Sales of PCs continue to decline, and that’s forcing PC makers to get creative. The latest example is an attempt by Acer, currently the number four maker of PCs in the world by market share, to replace the PC forever—with the smartphone.
Acer Extend prototype, which was unveiled this week at Germany’s annual gadget show, the IFA in Berlin. It’s basically a lobotomized laptop computer, just a keyboard and a screen. Plug it into Acer’s specially-modified Android phone, however, and it becomes, in essence, a laptop-shaped version of your phone—with all the same apps, media, and wireless connectivity.
If it feels like you’ve seen this idea before, it’s because you have—and every time, it’s failed. In 2007 Palm announced the Foleo, a companion to its Treo smartphones, and then canceled it three months later.

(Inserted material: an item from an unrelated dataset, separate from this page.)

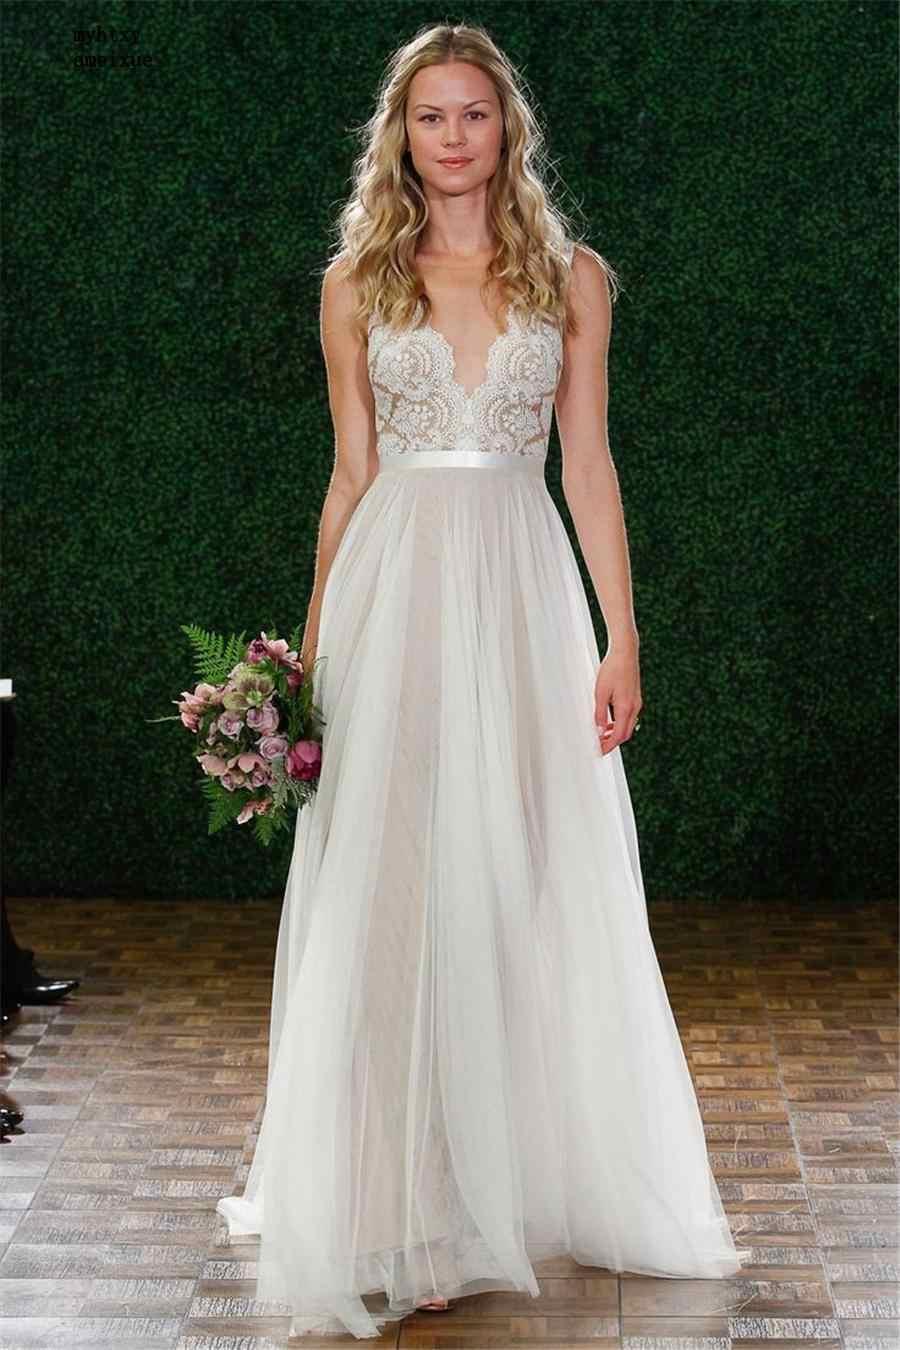 V-צוואר תחרה & טול ארוך חוף שרוולים הכלה שמלת אשליה חזרה כפתורים זול בתוספת גודל חתונה שמלת Vestido דה Noiva קו

In 2008 Celio Corp unveiled REDFLY, which was designed to make it easy to edit Microsoft Office documents stored on Windows Mobile smartphones, but reviewers hated it. In 2011 Motorola unveiled the Atrix, which did the same thing as the Foleo and REDFLY, only this one ran Android. It was mothballed in 2012. Then, in July 2013, entrepreneur Mark Shuttleworth unveiled a plan to crowd-fund a new phone, called the Ubuntu Edge, that would be every bit as powerful as a laptop PC. He failed to raise the $32 million that his project would have required.